Terrtia commented 4 years ago

Hi @annetteshajan ! You get this message because a screen is already launched. The Docker_Splash screen is launched as root, you need to have root privileges : sudo screen -ls

Every time I run sudo ./bin/torcrawler/launch_splash_crawler.sh -f configs/docker/splash_onion/etc/splash/proxy-profiles/ -p 8050 -n 1,

You need to specify the complete path of the proxy settings:

sudo ./bin/torcrawler/launch_splash_crawler.sh -f /home/<my_user>/<path_to_ail>/ail-framework/configs/docker/splash_onion/etc/splash/proxy-profiles/ -p 8050 -n 1

With this, regular websites can be crawled. I'm still facing an issue with onion URLs

If you pass the complete path of the proxy configuration, you should be able to crawl any onions address.

network3: the remote host name was not found (invalid hostname)

annetteshajan commented 4 years ago

I got it by running the Splash server local to the system and not on the AIL environment.

If you pass the complete path of the proxy configuration, you should be able to crawl any onions address.

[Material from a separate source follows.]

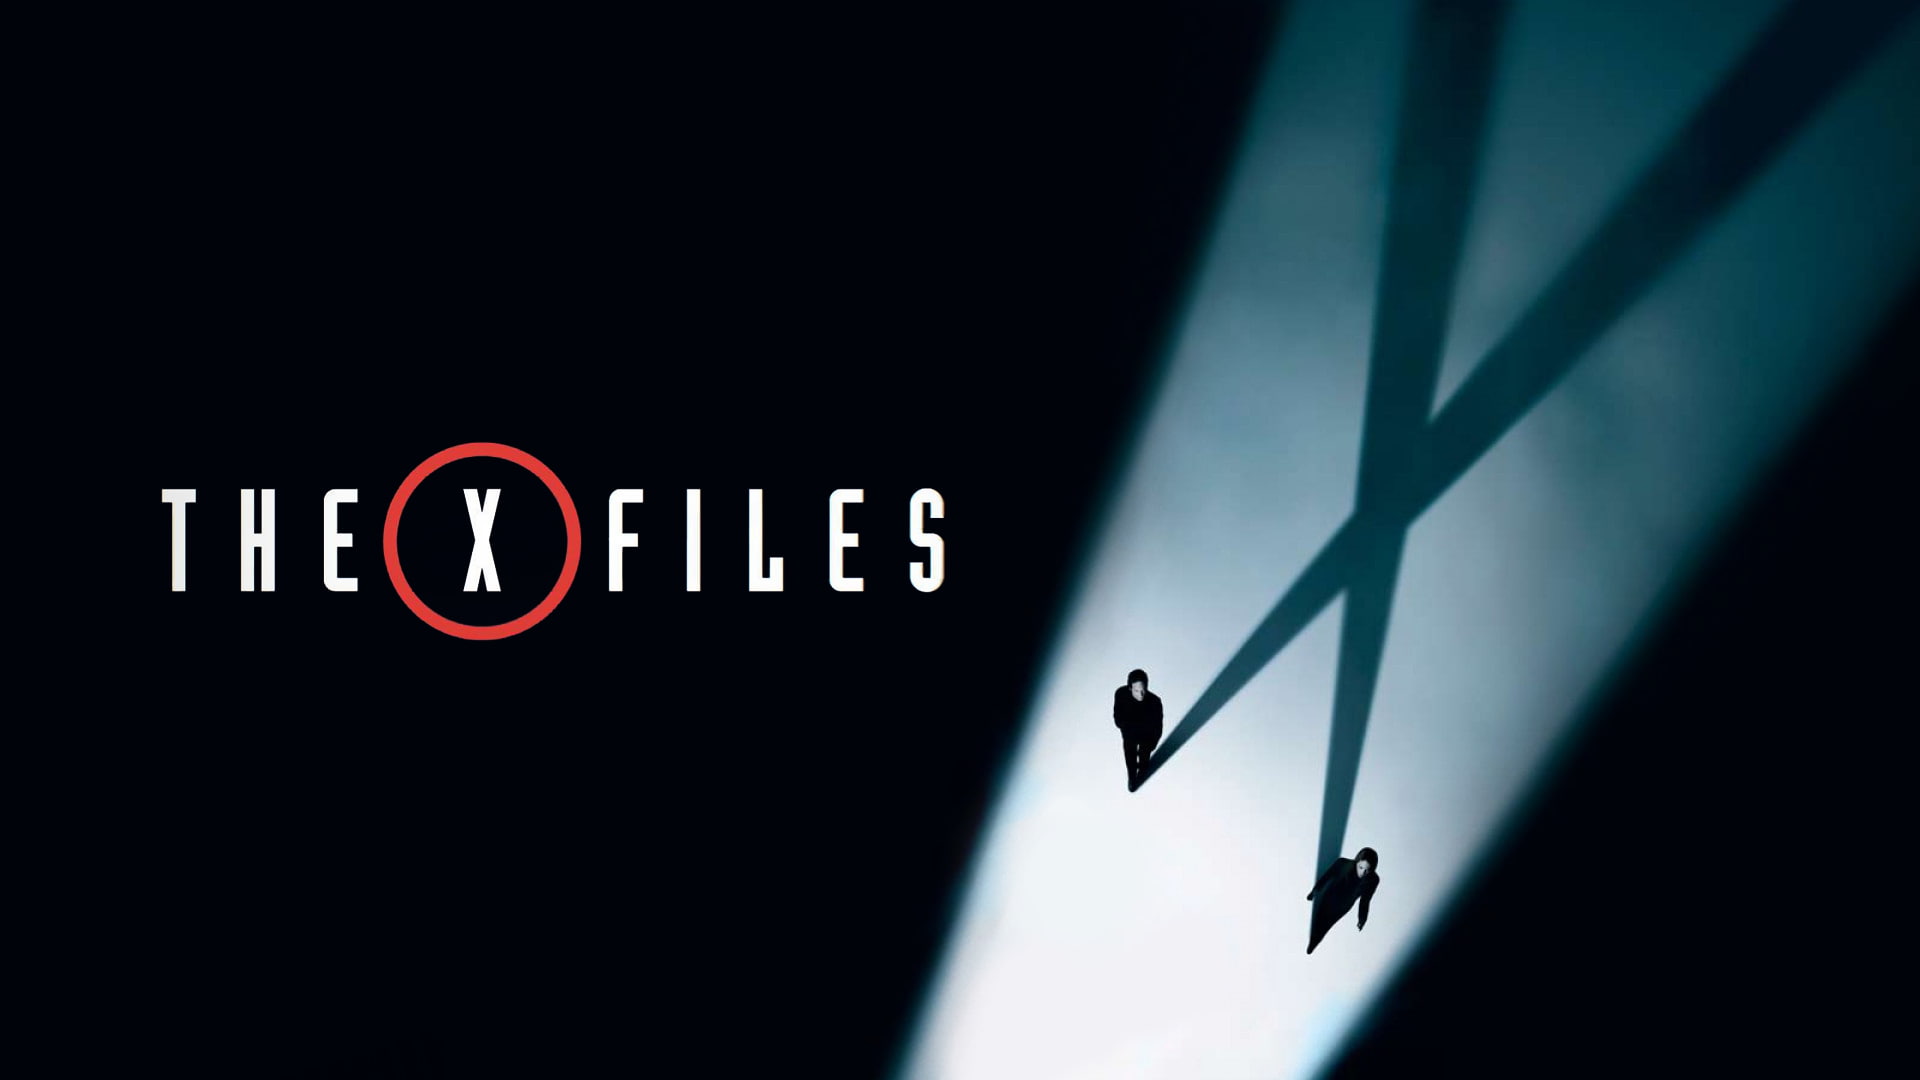 The X-Files, Dana Scully, Gillian Anderson, David Duchovny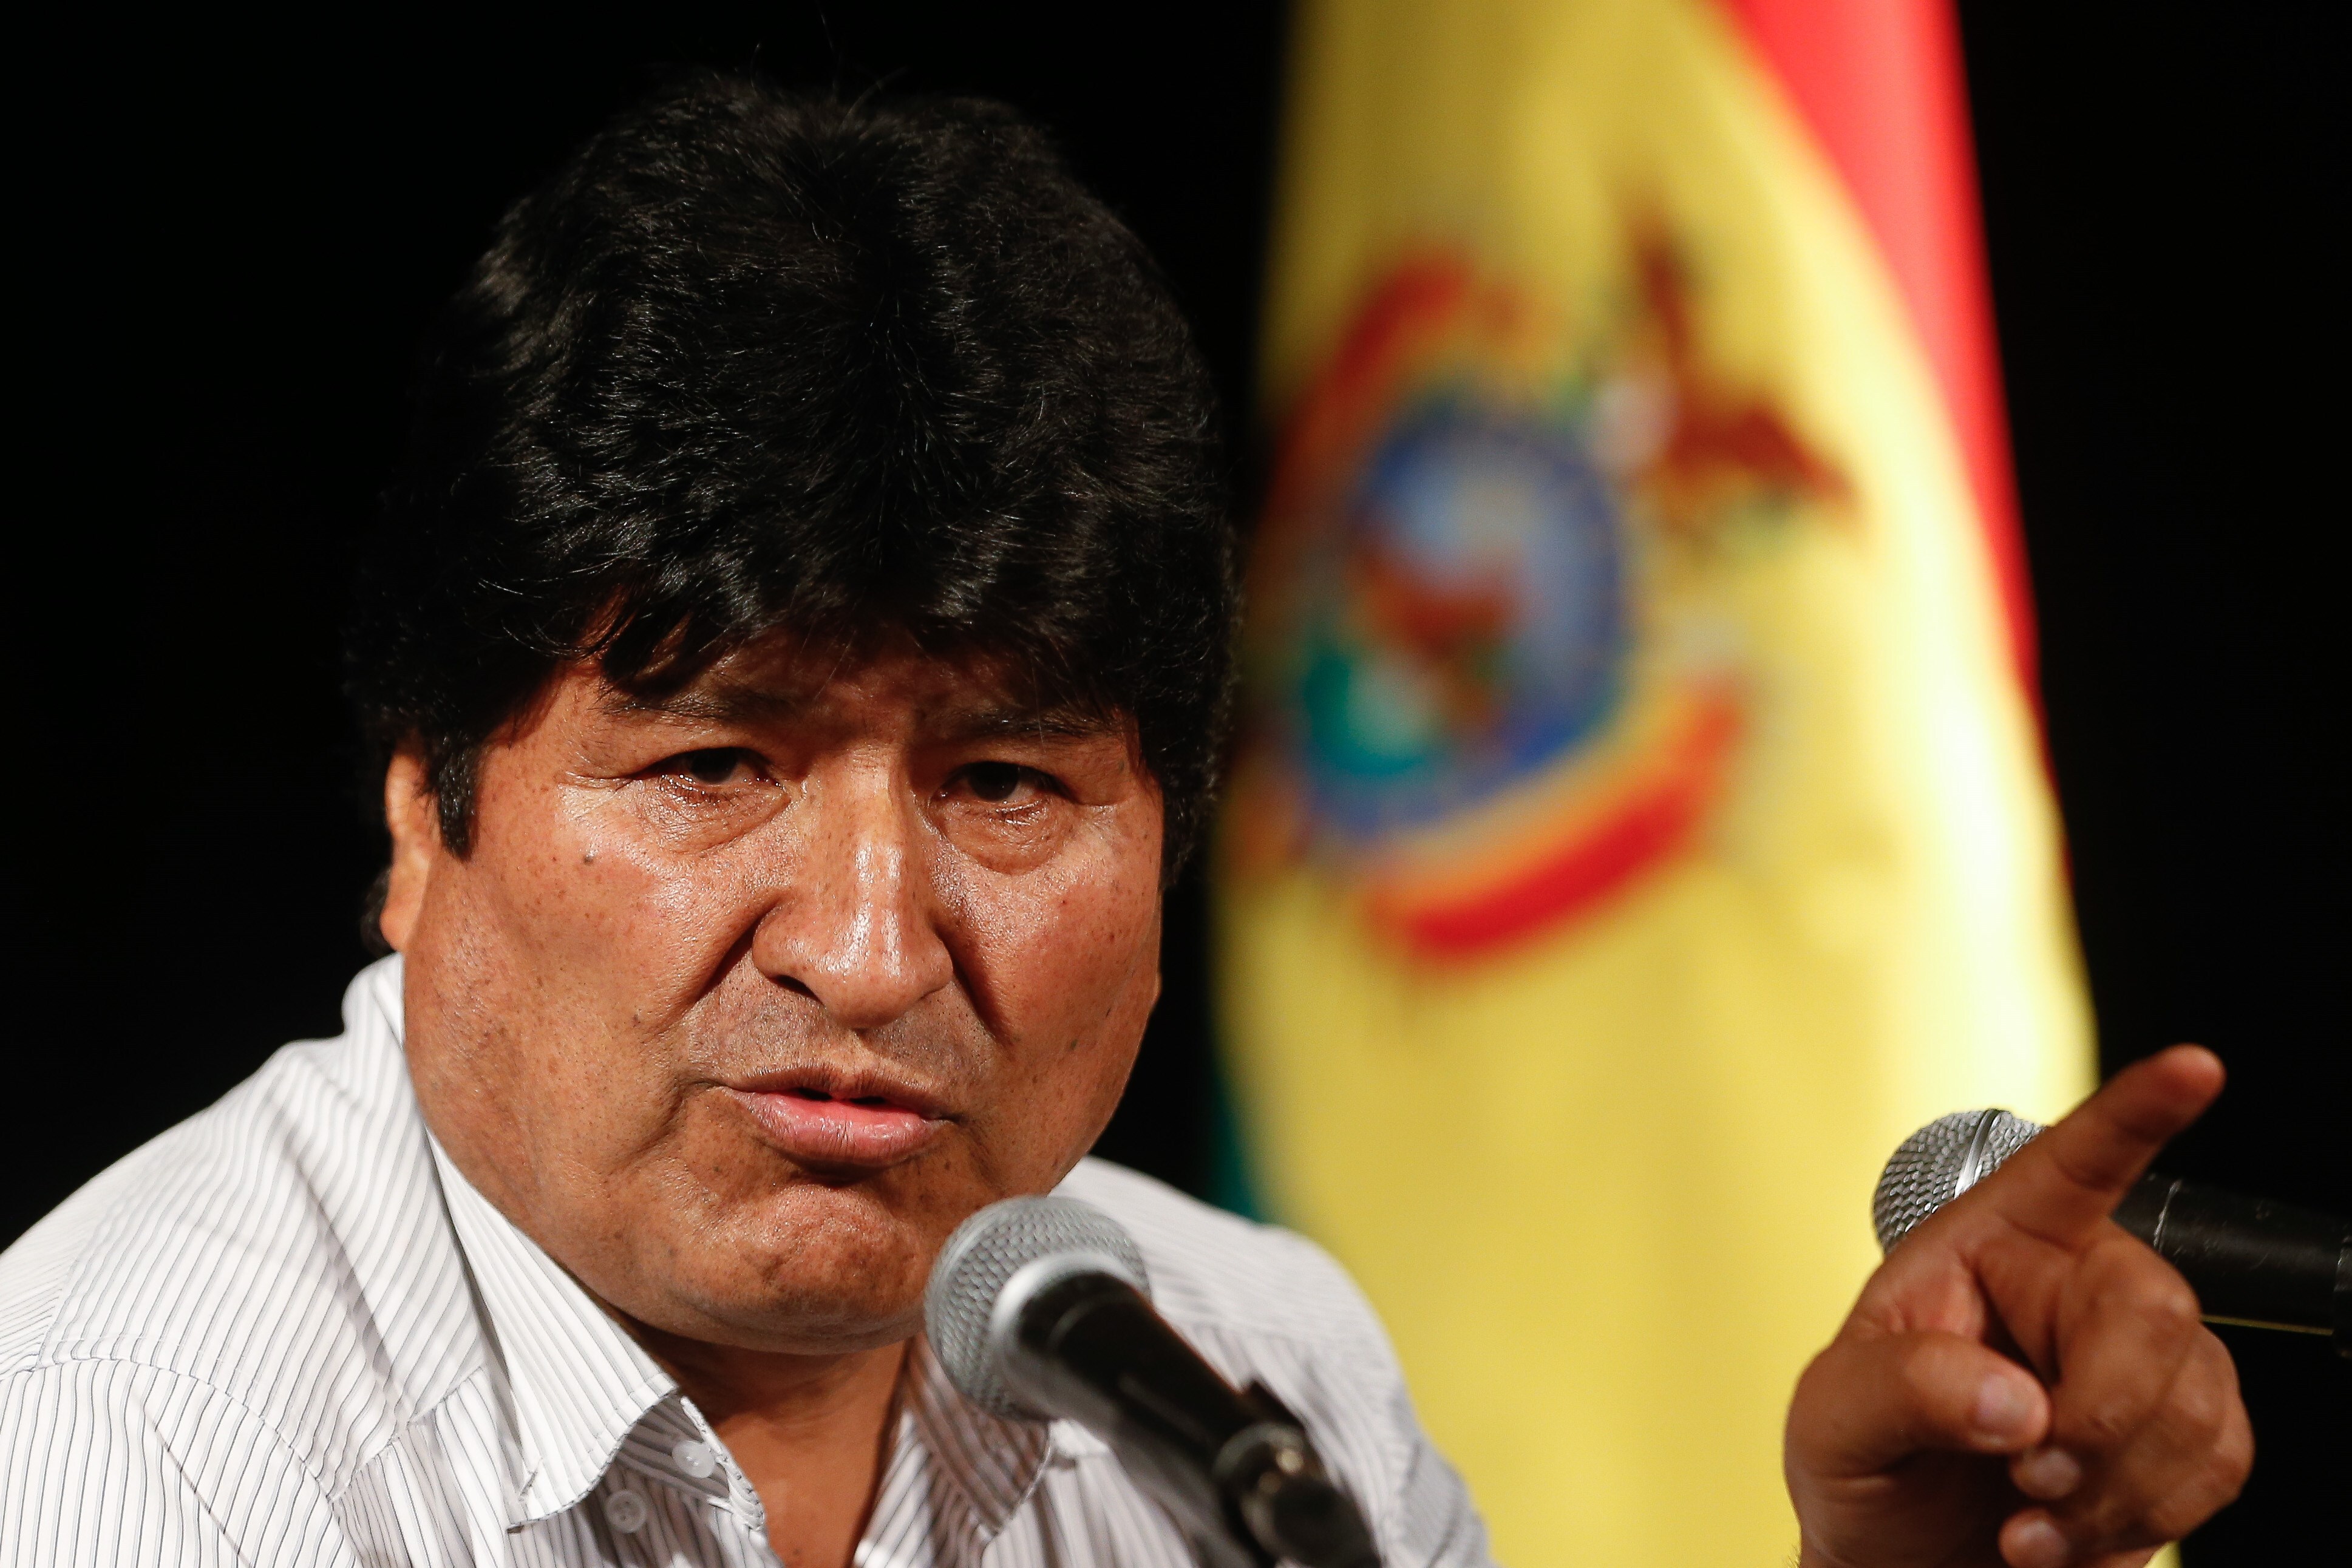 Evo Morales, en la mira de la justicia internacional (EFE/Juan Ignacio Roncoroni)

On scrapinghub/splash documentation it says that default.ini needs to exist at /etc/splash/proxy-profiles/ ...so I just moved my file to that location because I couldn't figure out how to change the location with the proxy file.

sudo docker run -p 8050:8050 -v /etc/splash/proxy-profiles/:/etc/splash/proxy-profiles/ scrapinghub/splash

I used this command. Now onion sites are getting crawled. I will try to do it with the AIL environment again.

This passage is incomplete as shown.